Health Risks Deserve a Harder Look by Risk Managers

The first couple of months of the year are when the annual risk management surveys attempt to lay out a top 10 set of business risks based on analysis and surveys of global risk managers – those people who should know best what should be keeping CEOs awake at night.

What is striking is that neither pandemics nor health risks associated with epidemics make the lists. As I write this on 3rd February there are more than 17,300 coronavirus cases and more than 360 deaths. And the numbers only look set to rise.

This means that in Q4 2019 when many of the surveys took place and the crystal-ball gazing occurred, health risks were not seen as a leading business risk factor by risk managers.

Yet, shouldn’t they have been?

There’s been much comparison of the coronavirus in recent days to SARS (Severe Acute Respiratory Syndrome) and the events of 17 years ago – events I know well as my twin daughters were born in a Singapore hospital in the middle of SARS. But since SARS the world has experienced H1N1 swine flu in 2009-2010, MERS (Middle East Respiratory Syndrome) coronavirus which has been recurring since 2012, and sporadic human infections from bird flu. Topping all of these in mortality rates is the ordinary flu which killed 34,000 people in the US alone in 2018-2019, according to the Centers for Disease Control and Prevention.

If seasonal flu combined with occasional pandemics has encouraged risk managers to shrug and relegate health risks from a top 10 business risk, then the past few weeks will have been a sharp wake-up call.

As a Bloomberg article recently reminded us, SARS killed nearly 800 people and knocked 2% off China’s GDP, but at that time China’s GDP was 4% of the global total, compared to 17% today. The knock-on impact of coronavirus today is being felt globally.

Multinational companies from Apple to Renault are shutting stores in China, reducing manufacturing or, where possible, shifting supply chains. Airlines are suspending flights to and from China. Several governments have banned entry to Chinese passport holders. People who have travelled to China are on 14-day quarantine orders. And in China more than 15 cities and some 50 million people have been effectively quarantined. Service companies and banks in Hong Kong are having staff work from home. And the global retail sector is bracing for the impact of fewer Chinese tourists.

Risk managers and the companies they work for need to be a lot more alert to thinking of risk as a series of interconnected events rather than one large fail. It is easier to mitigate the big failure such as a cyber attack than it is to plan for the grey swans such as pandemics. In setting their risk appetites, companies may find it easier to dismiss these grey swans as too costly or too unlikely to happen.

From the risk surveys it is striking that cyber threats are now at the top place in the Allianz Risk Barometer 2020 and feature prominently in the World Economic Forum Global Risks Report 2020 as a multi-stakeholder issue. In Kroll’s Global Fraud and Risk Report 2019-2020 cyber threats are seen as major issues in the upcoming years, and in Control Risks’ Risk Map 2020 as one of top five global risks for businesses in 2020.

Cyber threats probably deserved this level of attention from risk managers five years or more ago. But it is the current environment of large-scale continuing cyberattacks, and financial impacts combined with what Control Risks calls an ‘activist society passing judgment’ that has helped bring cyber threats into sharp relief.

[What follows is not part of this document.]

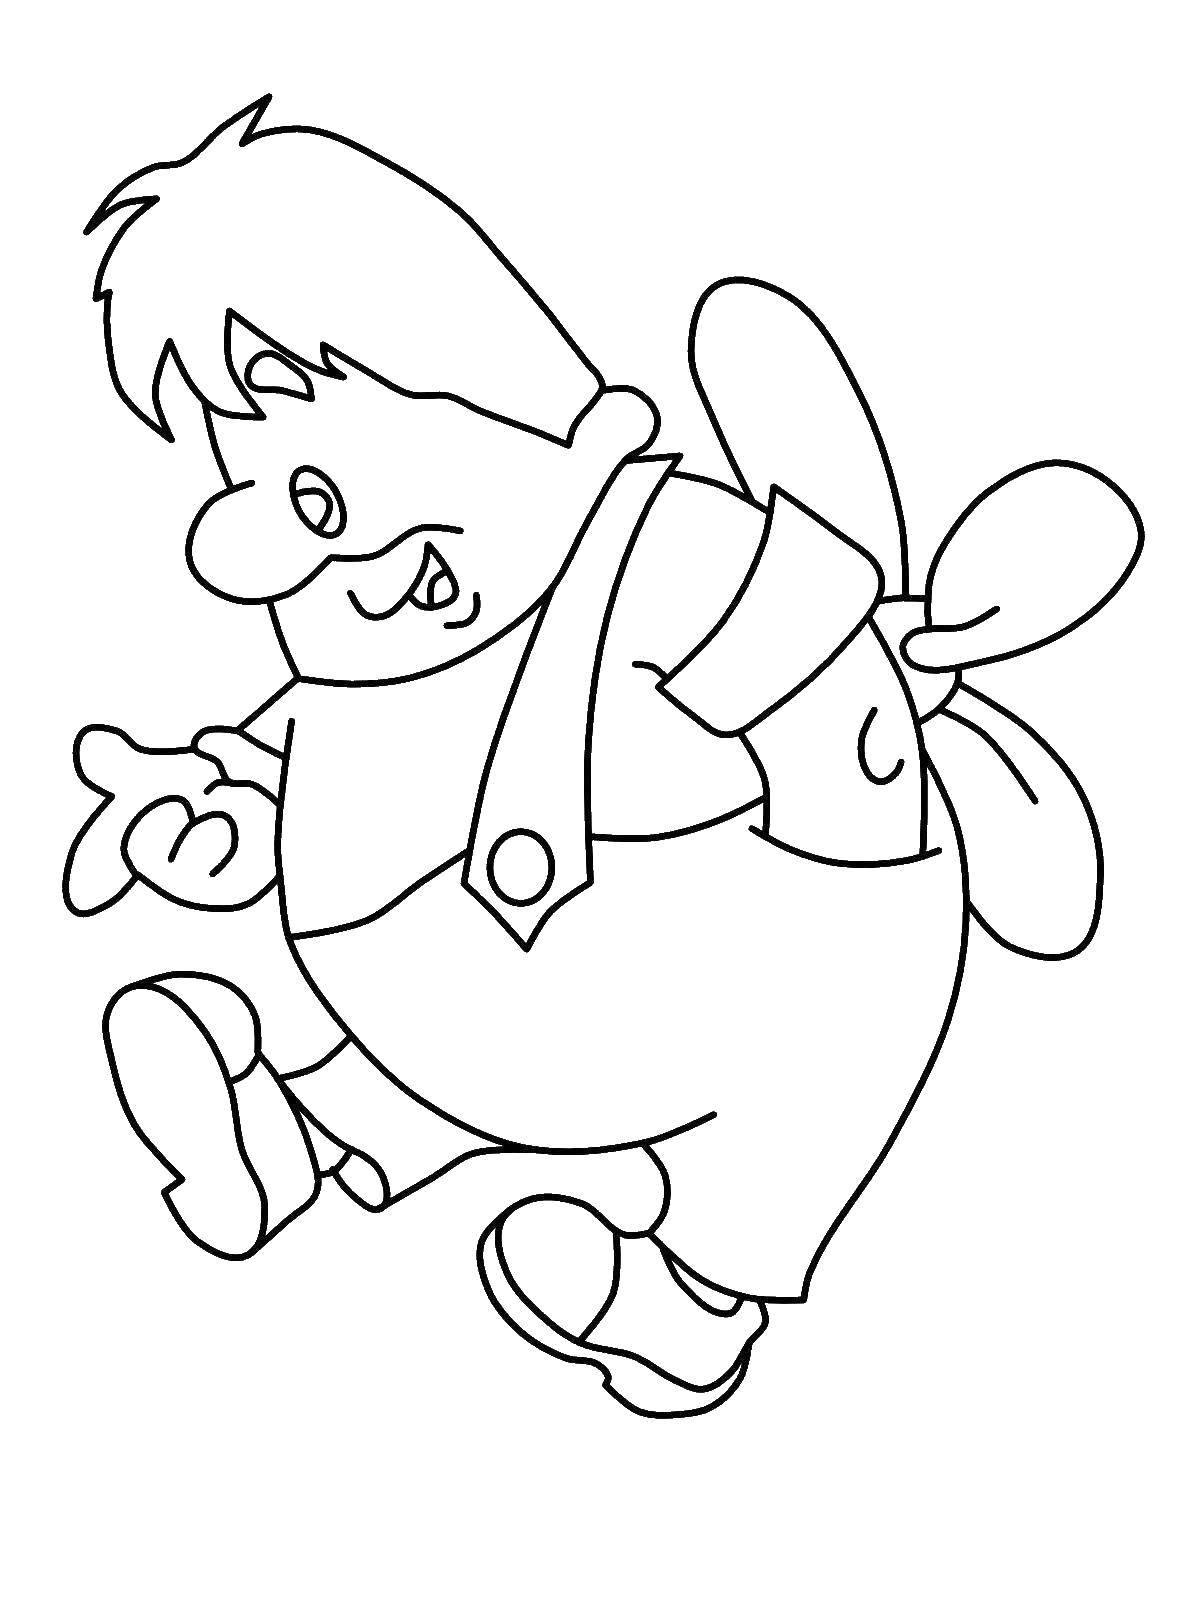 Раскраска Карлсон Скачать Персонаж из мультфильма, Малыш и Карлсон .  Распечатать ,раскраски карлсон,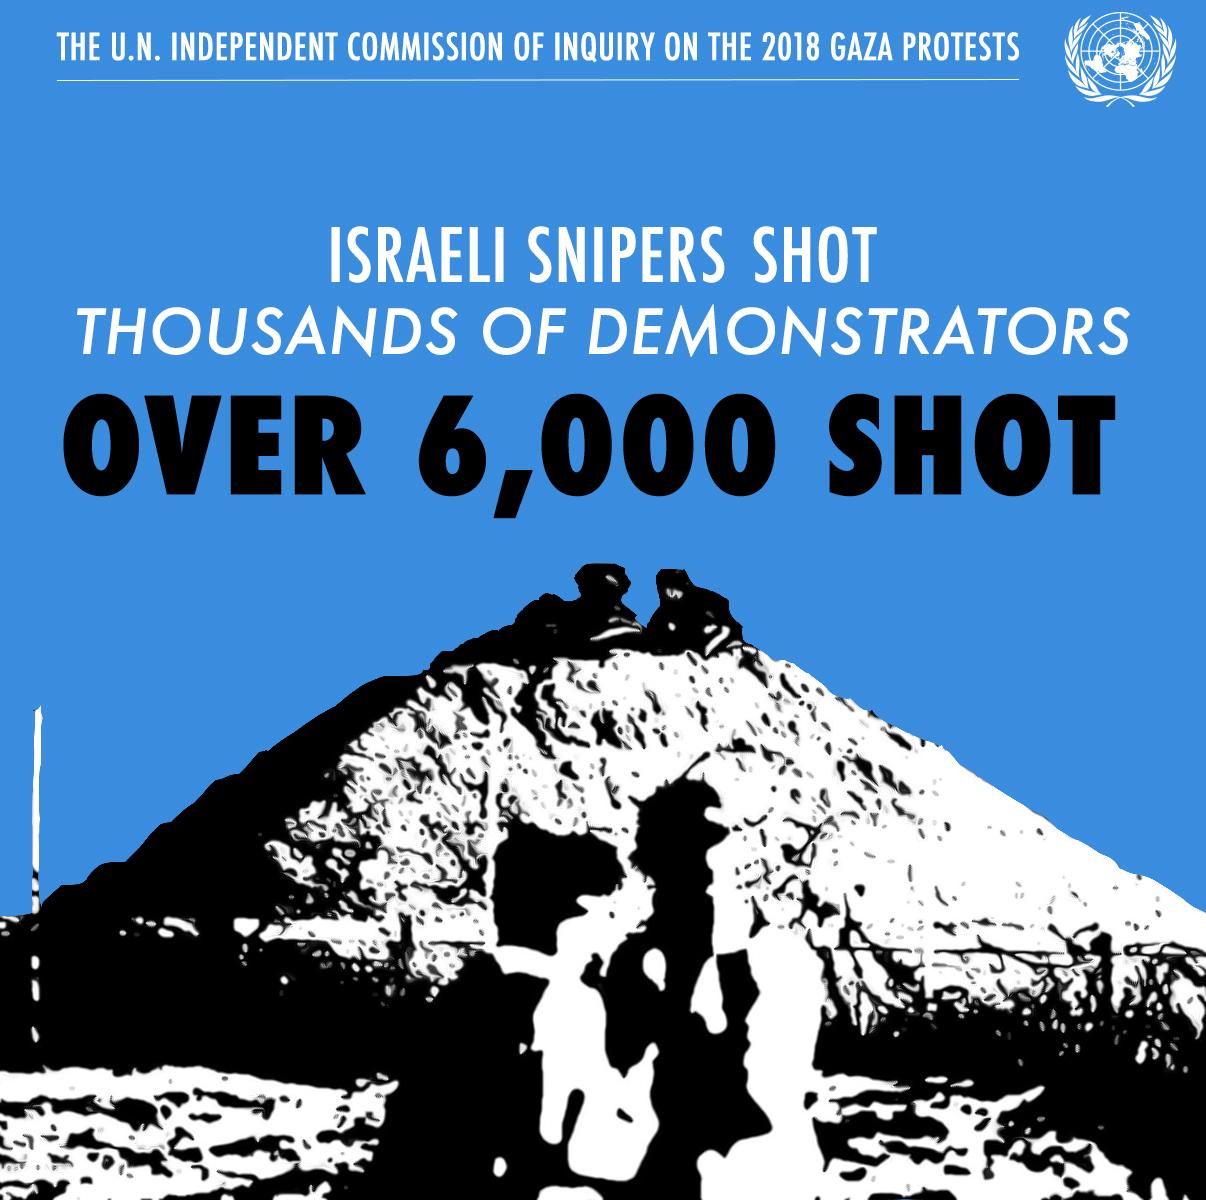 UNHRC-INFOGR-snipers_final.jpg

With so many people impacted by the business decisions having to be made in the current coronavirus pandemic, this may well result in health risks being taken more seriously by risk managers.

It has also placed a strong burden on corporate communication functions to make messaging to stakeholders appropriate and with a tonality that is truly respectful of local situations.

This is the time when companies need to step up and demonstrate how much they care about the health and welfare of their employees over and above a bottom-line imperative. As with any crisis situation that is managed effectively, having a crisis plan in place and having annual crisis simulations is important. Then it is the actions companies take immediately, as much as the actions they take in terms of brand recovery when the immediate crisis has passed, that impact whether they will recover effectively from the crisis.

Global economies and individual companies are undoubtedly going to take a significant hit this year because of the coronavirus.

Assuming there is a bounce back once the coronavirus is under control, should risk managers just shrug this off as a one-off event or something too hard or costly to plan for in the future? I certainly hope not. Companies need to be planning for the worst and rehearsing those plans thoroughly whether the worst comes in the form of a cyber incident or a pandemic.